Hi (wasn't sure which section is most relevant to post under )

I don't own a forum myself but a friend whose set one up recently is stuck on her bandwidth being killed off inside 2 weeks due to deep/hot linking.  

I haven't been around hers (5 hours away) to have a look around myself but she's stuck on finding the option in vBulletin 3.6.4 for turning off attachment images/disabling them for guests (offline or unregistered users).

Any help where in the options this is would be appreciated :smile:


----------



## carsey (Aug 19, 2006)

It may be under the group permissions of the users. 

Thats from my experience with forums.


----------



## ebackhus (Apr 21, 2005)

If your friend is using an Apache server she can use the .htaccess file to disable hotlinking.


----------



## Kalim (Nov 24, 2006)

Doesn't I'm afraid :sad:

I was hoping theirs another way round to this as I've seen the feature myself on endless vB boards.

The user group permissions don't allow this option either.

Any more idea's? We know how to stop hotlinking etc but need to know how to prevent offline users seeing attachments like done on here, yet.

Thanks.


----------



## Skie (Mar 15, 2003)

Please post the .htaccess file so we can see if it's set up properly.

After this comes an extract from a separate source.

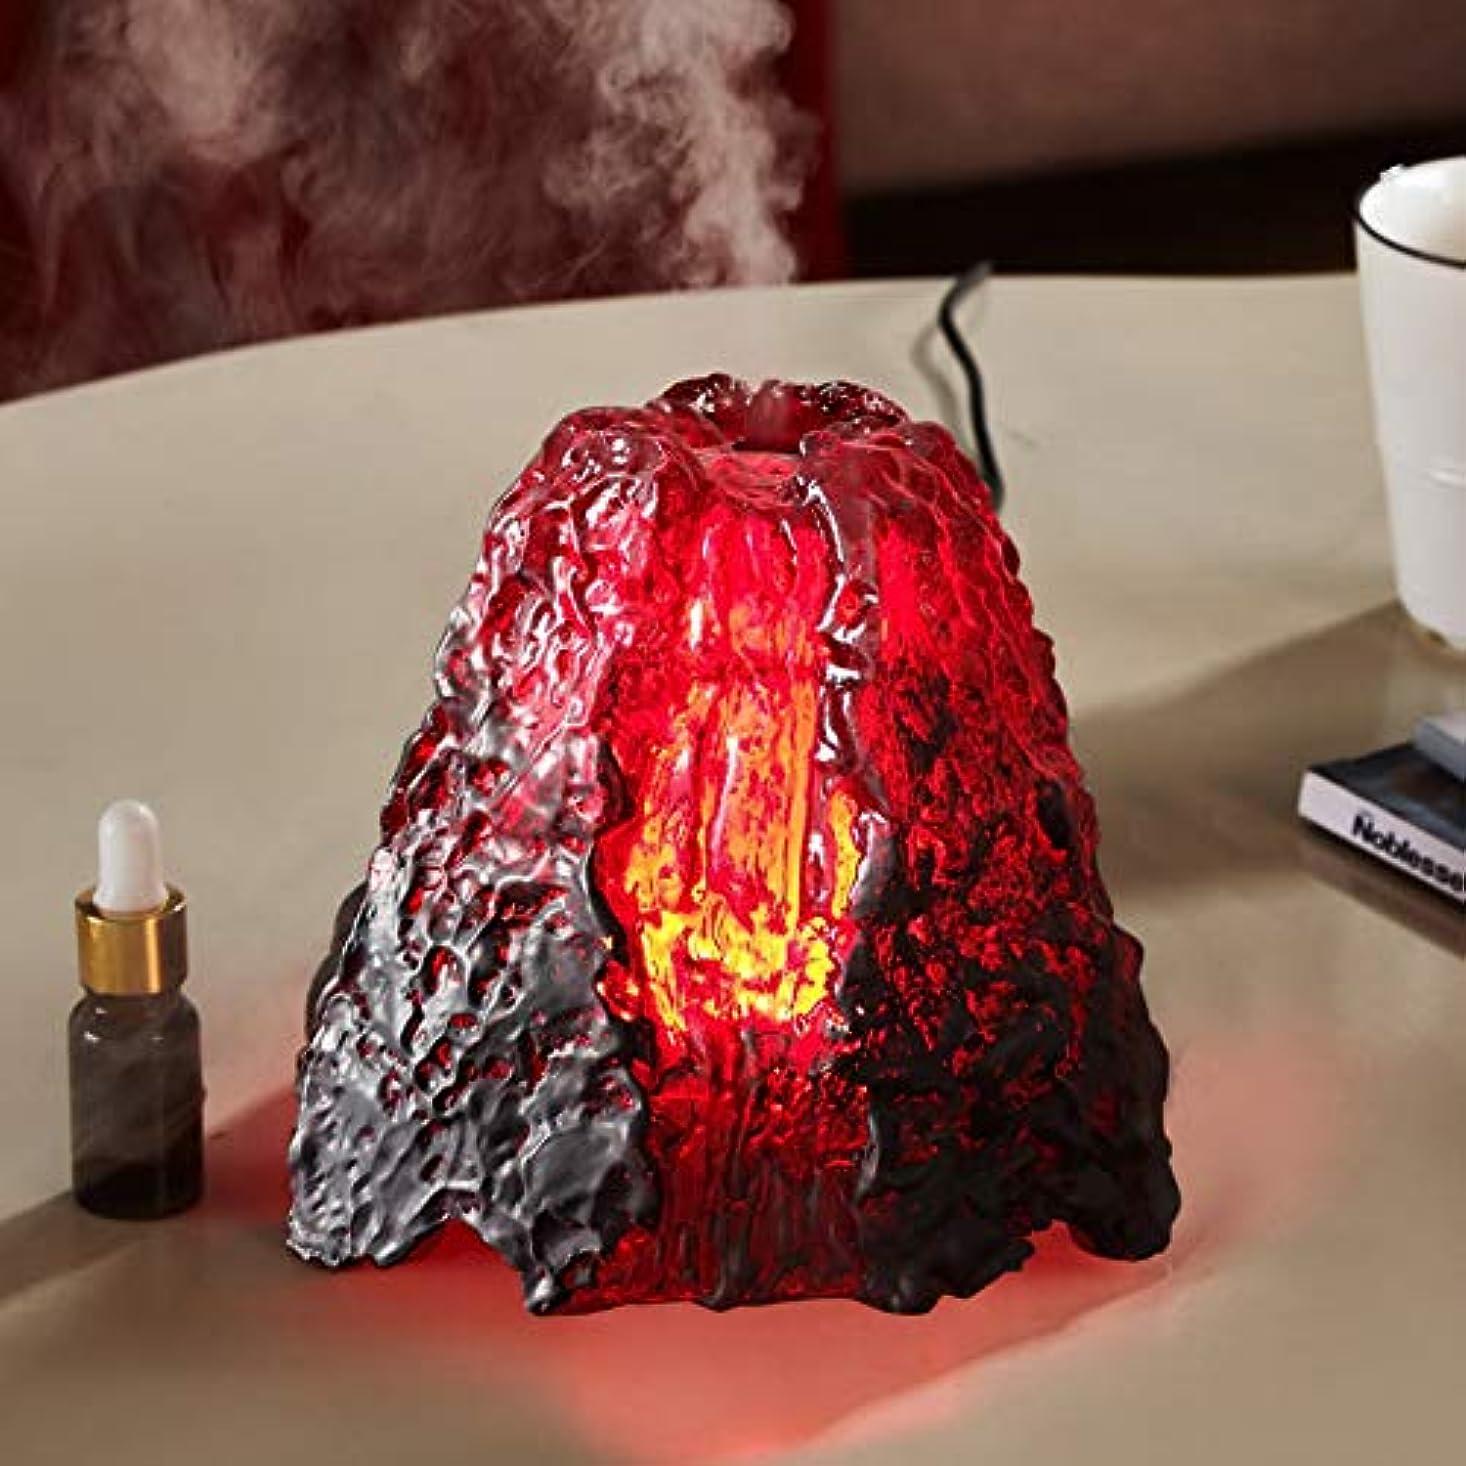 不安収容する気候樹脂 火山 7 色 加湿器,デスクトップ 涼しい霧 加湿機 調整可能 精油 ディフューザー アロマネブライザー 空気を浄化 Yoga- 200ml

Also, edit the usergroup for non logged in users and set "Can Download Attachments" to off. Do this for any other usergroups that you wish to do this. This will force people to login to view any attachments.


----------



## Kalim (Nov 24, 2006)

Skie,

She uses Sun Cobalt server so no .htaccess file.
She replied 


> You can make it so user groups can't view attachments which is good... or even post images (IMG tag)... but I also need and you can't prevent certain groups from VIEWING all image




Thanks for the help.


----------



## Skie (Mar 15, 2003)

At this point, you probably need to go over to vbulletin.org and search their mods for something to do this. I saw one for version 3.0, but I couldn't find one for 3.6. Maybe using different search terms then I did would help.


----------



## Kalim (Nov 24, 2006)

Thanks Skie.

I've searched for about 3 hours to no avail there - it was my first avenue although I found something for 3.5 but not 3.6.4 :sad:

Maybe just moving over to Apache is the better way out.


----------



## Skie (Mar 15, 2003)

Kalim said:


> Thanks Skie.
> 
> I've searched for about 3 hours to no avail there - it was my first avenue although I found something for 3.5 but not 3.6.4 :sad:
> 
> Maybe just moving over to Apache is the better way out.


The 3.5 hack may still work. It depends on how much has changed between 3.5 and 3.6 and what the hooks that the hack uses.


----------